Wednesday, March 11, 2009

Jealous Metal

Indonesians used to say that all things have spirit. Their polytheistic world view meant honoring the spirits of man made objects to: the bridges, the buildings, and cars. Cars are made of metals, all comes from the earth, and the earth is a living entity.

It is true.

Our black ford escort is in love with my husband. She gets jealous. We used to joke about how she would always break down if my husband spent too much time with another vehicle. It was the 1969 old ford truck she was most jealous of. When my husband finally sold the truck, she began humming again like a nascar racer.

My husband has three vehicles now, a GMC truck, the ford escort, and a quad.

Yeah, it's sickeningly cute of us, but we named the vehicles: Shelia the truck, Jecolia the escort and Barry the quad. Barry was christened by my husband's eldest son.

My husband is careful to tend to each vehicle, devoting time to each of them equally.
Jecolia is jealous metal. She will break down if he spends too much time on the others, he even had to get rid of the riding mower because she got so upset in the summer, spewing oil over the driveway like a vehicle spurned. It was a case of engine gone mad!!!

Last weekend he screwed up. He gave Sheila a tune up, then took Barry for a spin. He towed the boat on the back of Barry to take to the garage for it's annual clean up.
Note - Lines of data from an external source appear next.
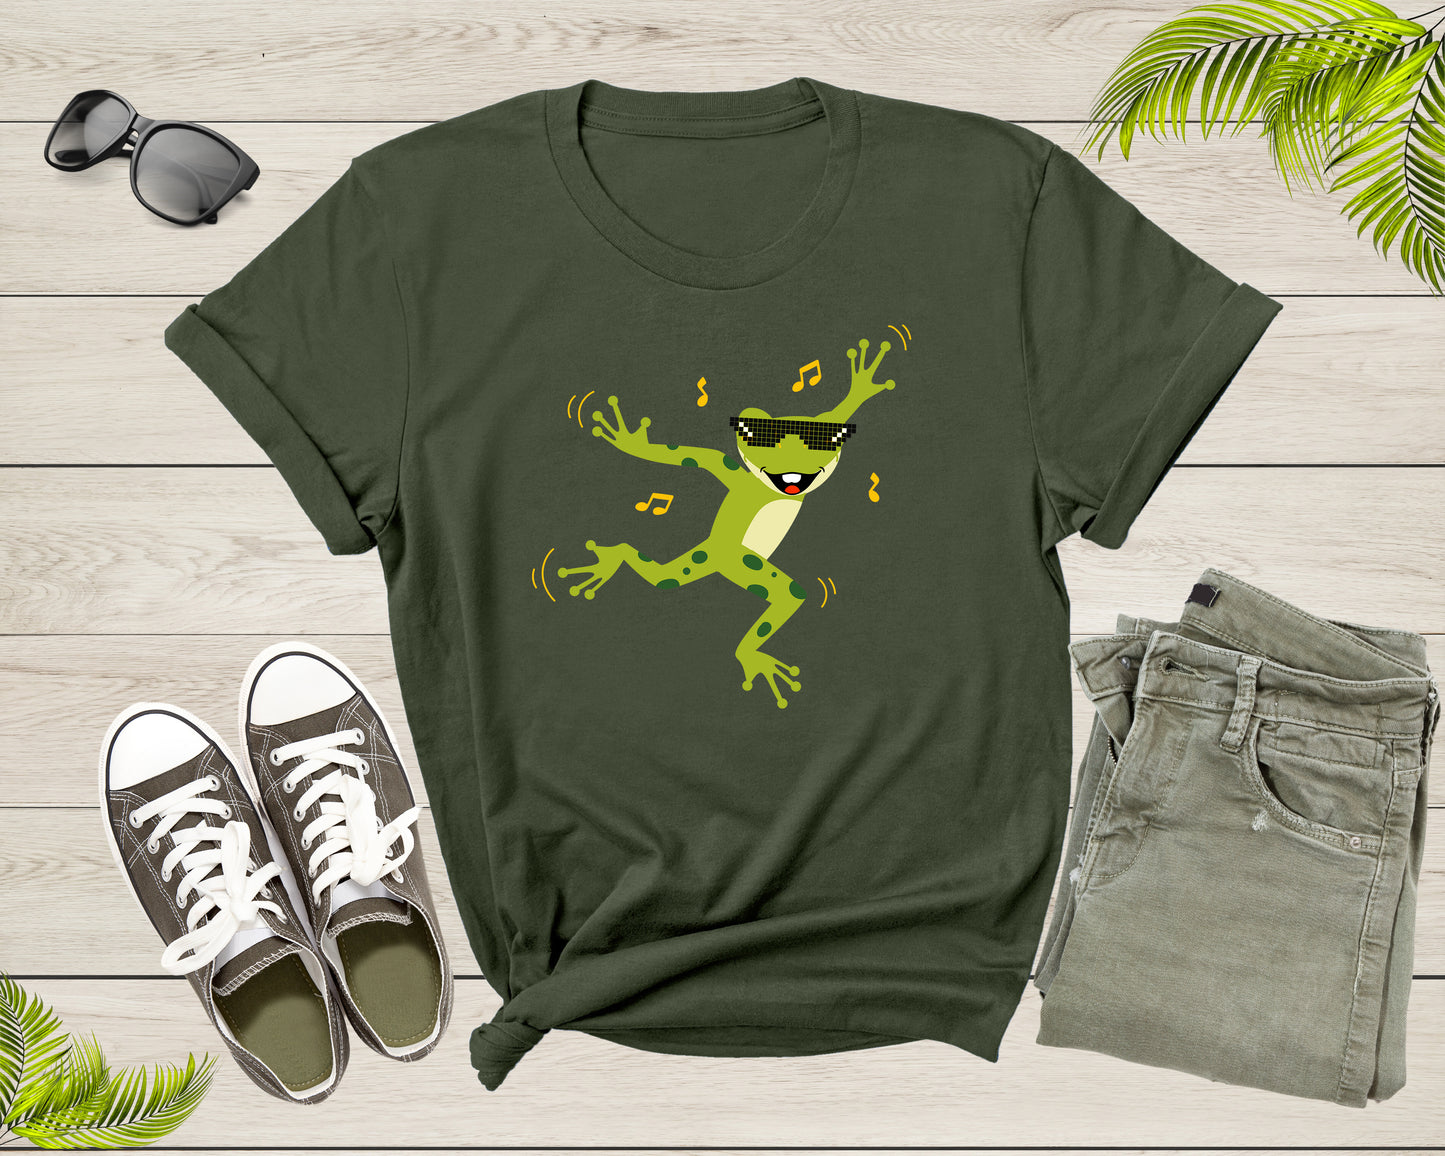 Funny Cute Green Dancing Frog Toad Cartoon for Women Men T-Shirt Frog Lover Gift T Shirt for Men Women Kids Boys Girls Graphic Tshirt
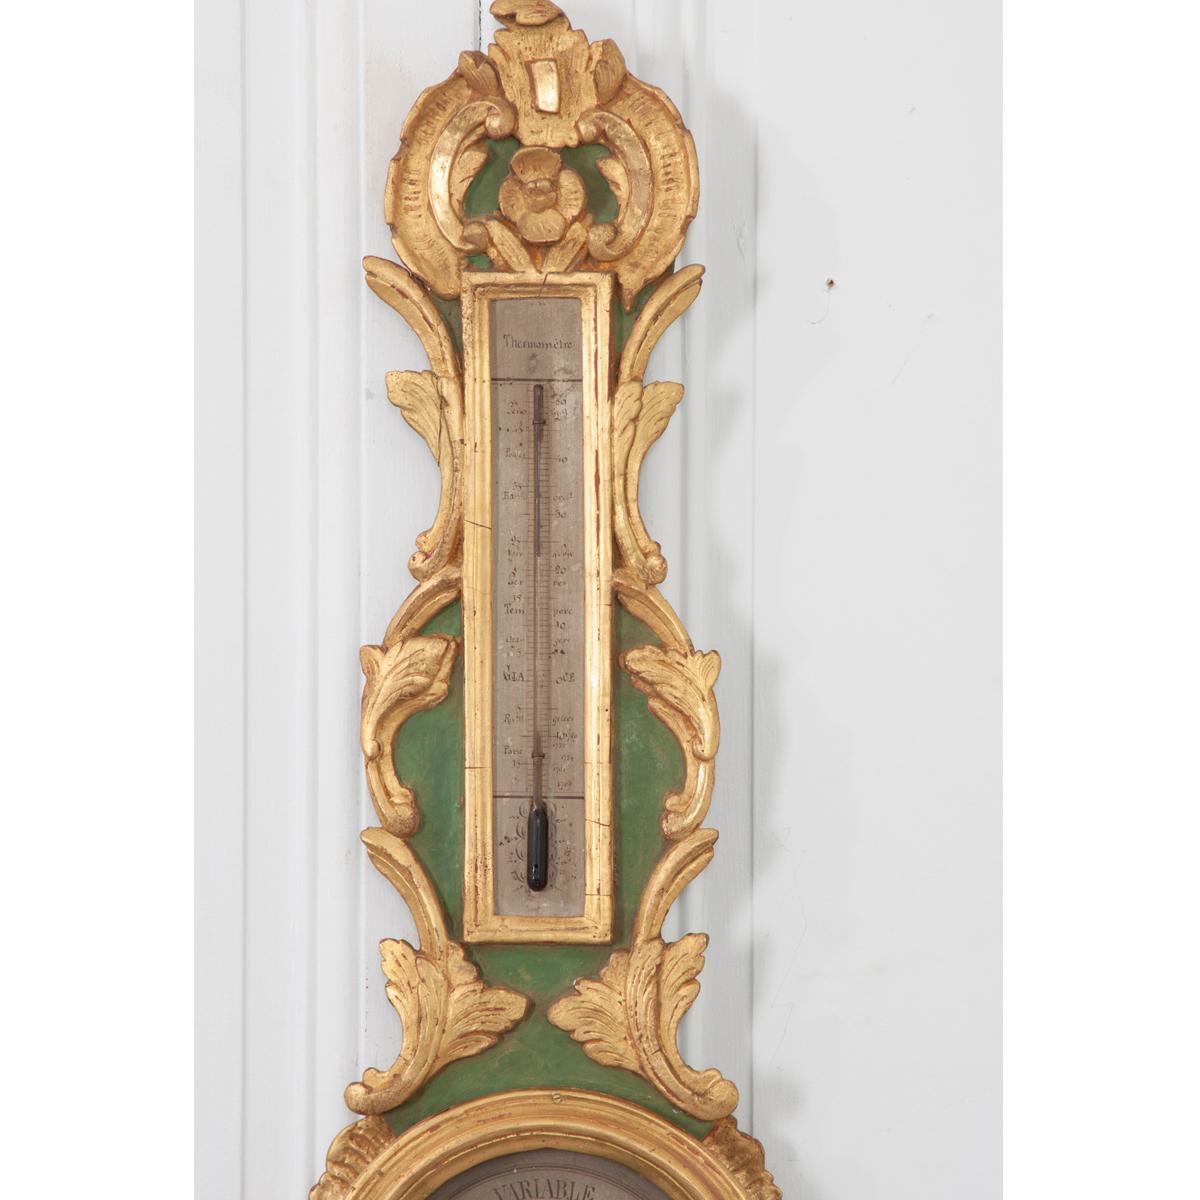 Baromètre et thermomètre français du 19ème siècle peint et doré. Il s'agit d'un instrument scientifique en forme de 
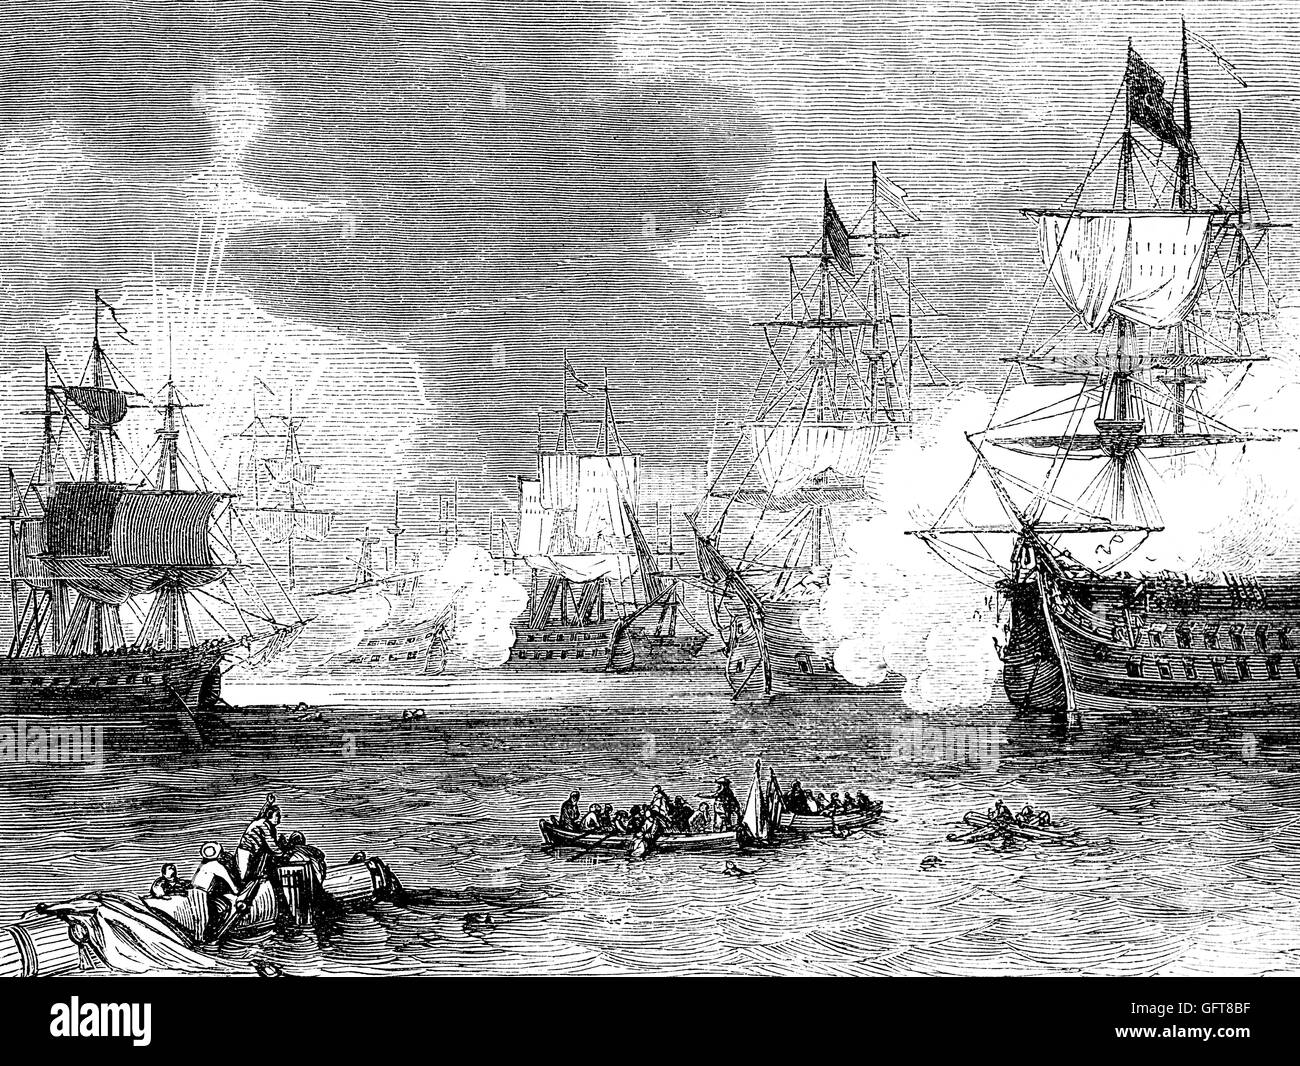 La bataille de Navarin est battu le 20 octobre 1827, durant la guerre d'Indépendance grecque dans la baie de Navarin (actuelle Pylos), sur la côte ouest de la péninsule du Péloponnèse, dans la mer Ionienne. Une force alliée des Britanniques, les Français et les navires russes a vaincu une armada de navires de guerre Ottoman, l'Egypte, Tunis et Alger. C'était la dernière grande bataille navale de l'histoire à s'être déroulée entièrement avec les bateaux à voile Banque D'Images
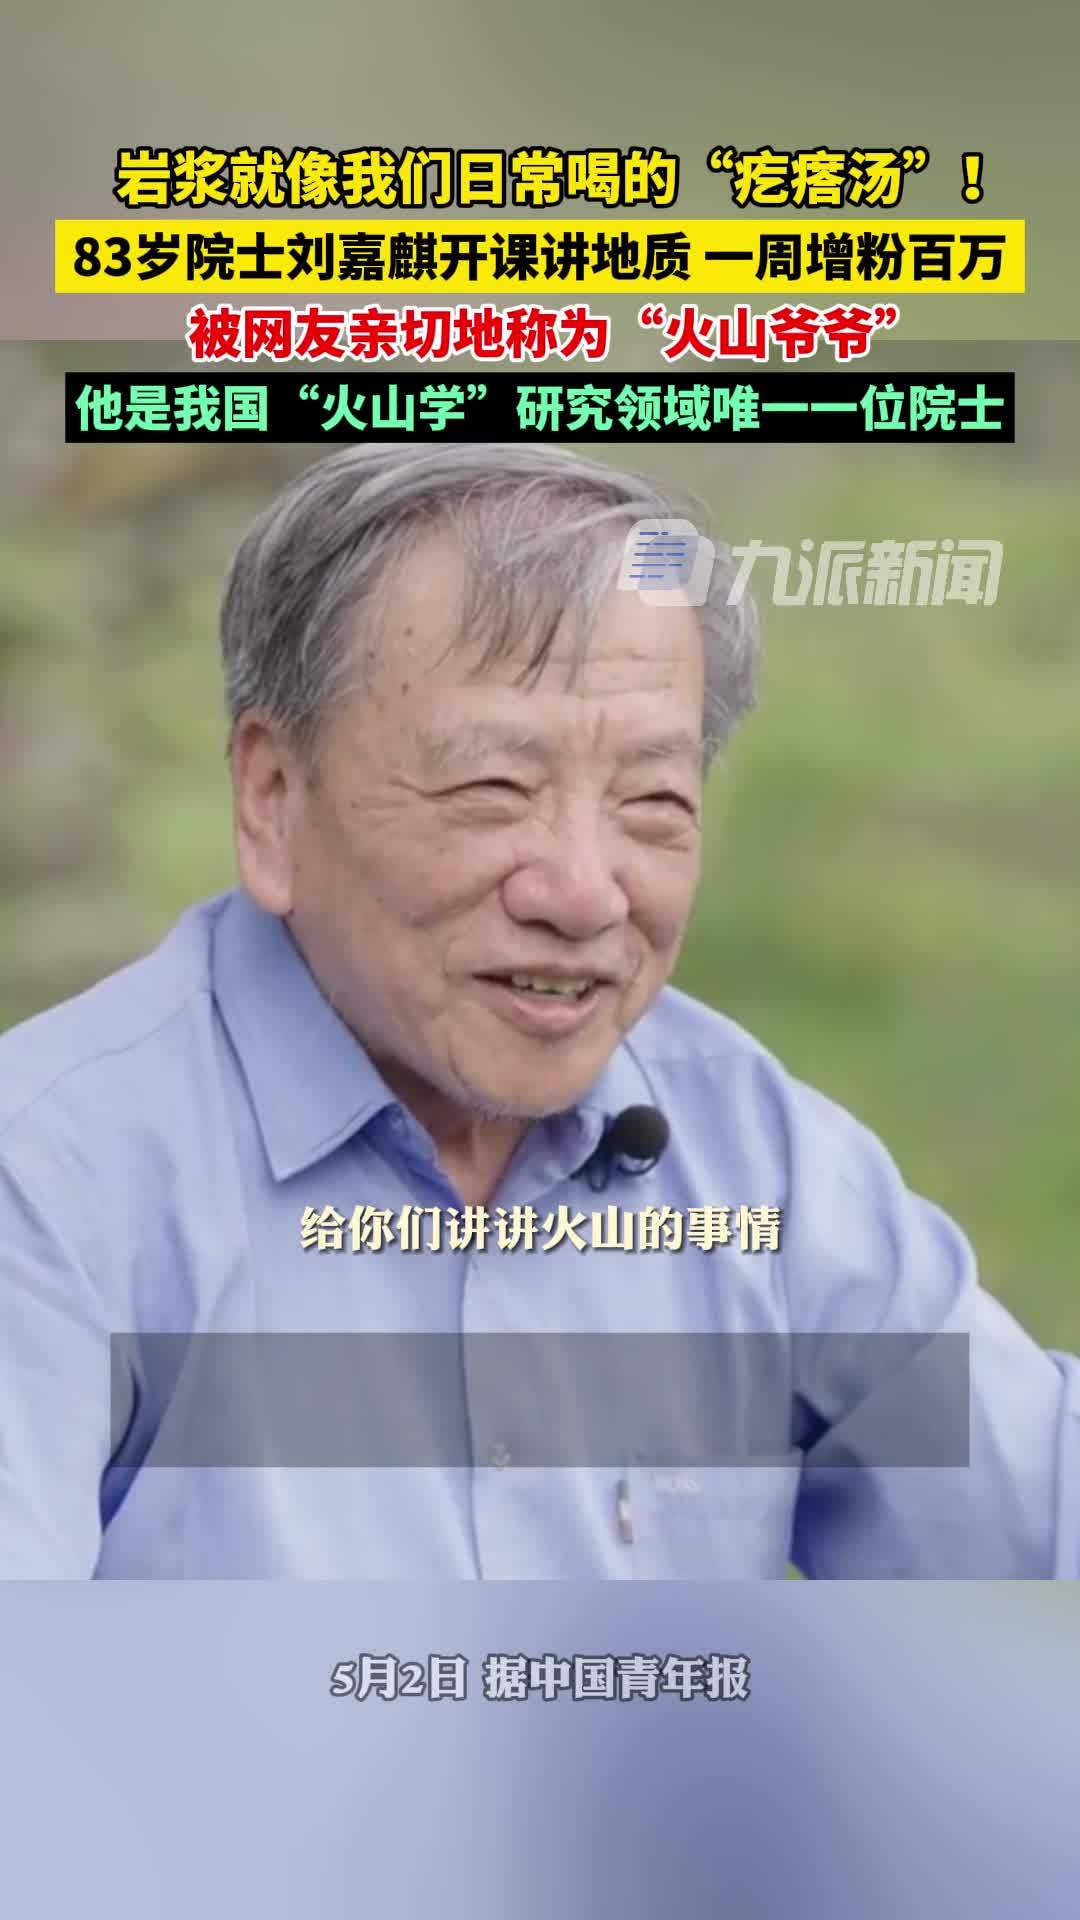 83岁院士刘嘉麒开课讲地质一周增粉百万，被网友亲切地称为“火山爷爷”

Jecolia threw a hissy and now she's refusing to budge. It's her wiring apparently. But my husband and I know better.

She watched through her widened headlights as the object of her desire, my husband, lovingly wiped Sheila's hood, as he took Barry through the green tinged post winter grass around the garden, as he pushed all vehicles aside to give his boat the well needed shelter from the elements in the comparative comfort of the garage.

I'm thinking Barry might not be Barry. Barry may well be Barry-lina. Perhaps my husband's son wasn't able to correctly identify quad gender? (I think you have to peak under the bumper.)

I am thinking Barry's a bitch! Who knows what whisperings occur late at night between vehicles? I feel sure that Barry-lina's at the bottom of all the troubles. I feel sure she's taunted Jecolia, "he prefers my plush vinyl quad seat to your scratchy covered buckets anyday."

And so Jecolia sits in the driveway, her spark gone, and tail lights drooping.